少数与党政権のもと、「選択的夫婦別姓」の議論が活発になっている。「103万円の壁」によって野党の中で頭一つ抜けた感のある国民民主党に負けじと、立憲民主党がその実現に向けて気を吐いている。
1996年、法制審議会が選択的夫婦別姓導入に言及した「民法の一部を改正する法律案要綱」を答申した。以来、自民党保守派の反対で導入は店晒し状態であったが、「裏金」問題への関与のためにその影響力が弱まっている今、“山が動く”好機かもしれない。
とはいえ、「選択的夫婦別姓」は「手取りを増やす」ほどには世論の支持を集めていないように思われる。NHKが昨年4月に行った世論調査では、選択的夫婦別姓に「賛成」62%、「反対」27%と賛成が反対を大きく上回った。

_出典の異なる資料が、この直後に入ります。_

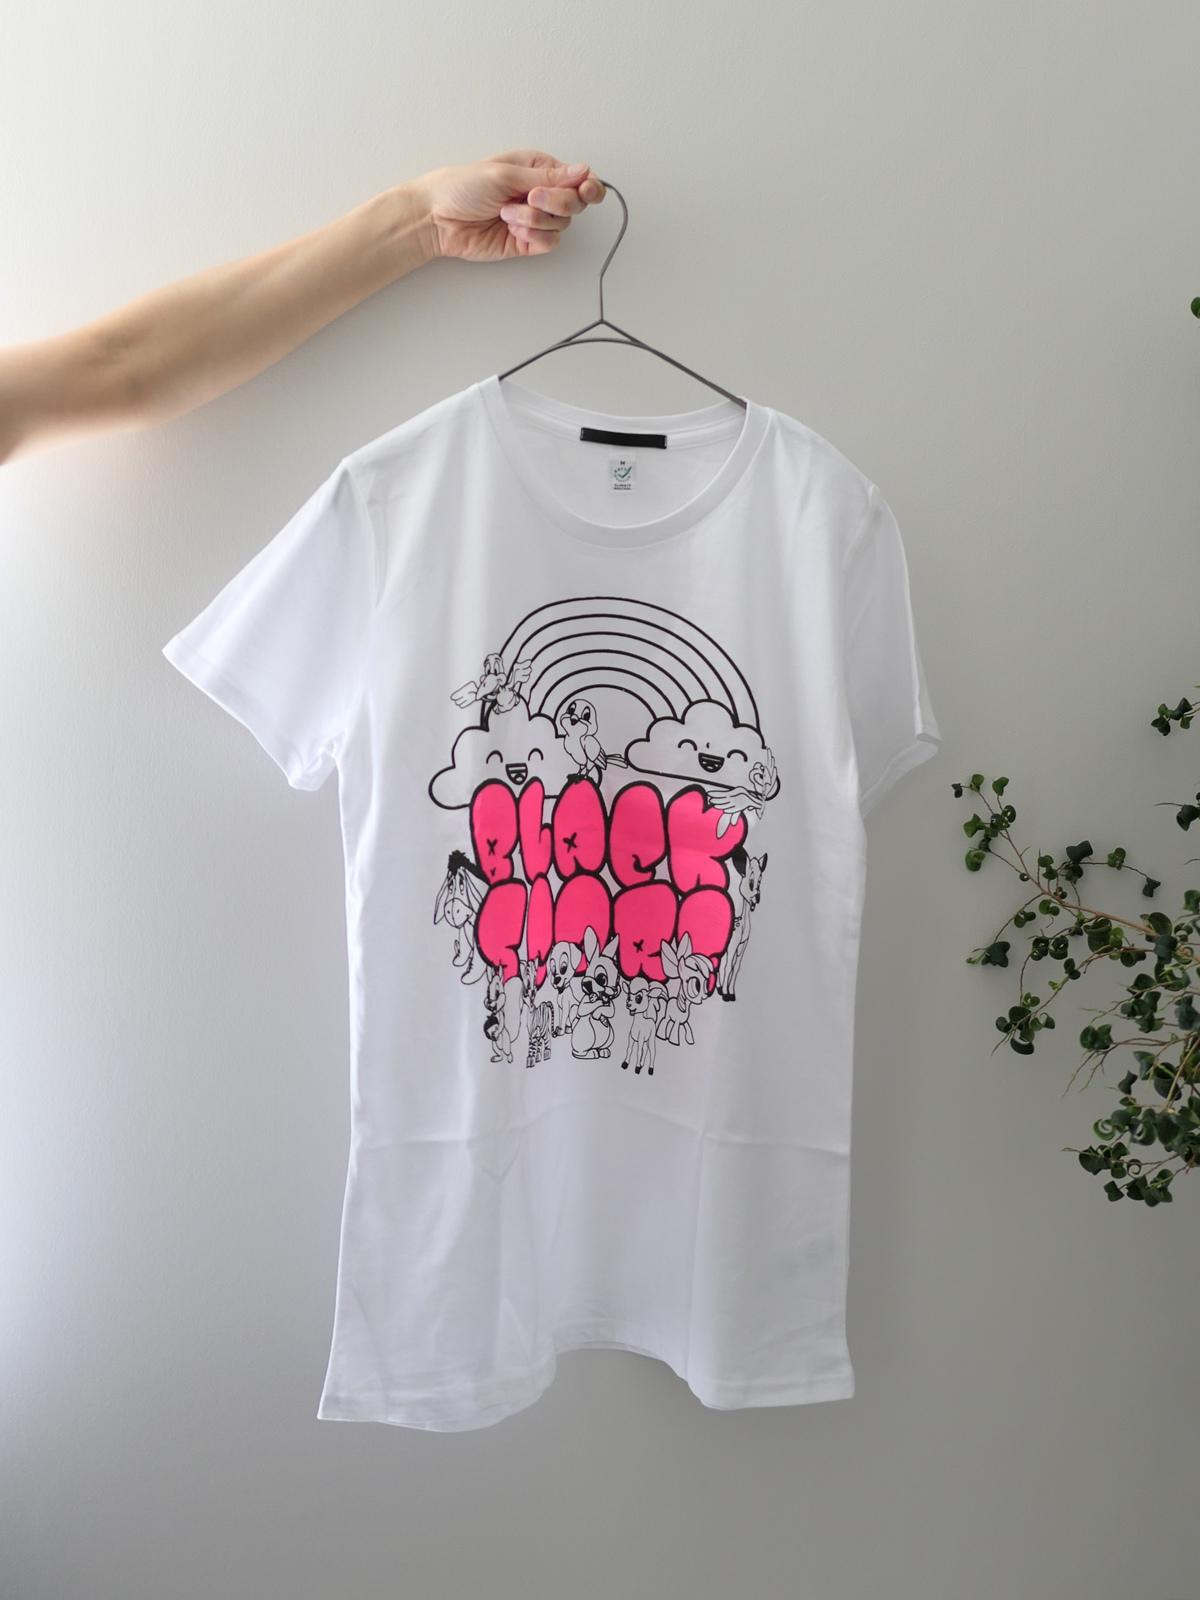 Black Score の Tシャツが入荷いたしました!_c0176078_16514301.jpg

ところが、通称使用という選択肢を加えて実施された産経新聞とFNN合同の直近(本年1月18日・19日)の調査では、「夫婦同姓制度を維持した上で、旧姓の通称使用を広げる」が45.2%と、「賛成」37.5%と「反対」14.7%を上回った。半数近くの人は、旧姓使用で事足りるので選択的別姓を制度化する必要はないと考えているのである。
実際、社会で活躍する女性の中にも通称(旧姓)使用の拡大・整備で十分という声はあるようだ。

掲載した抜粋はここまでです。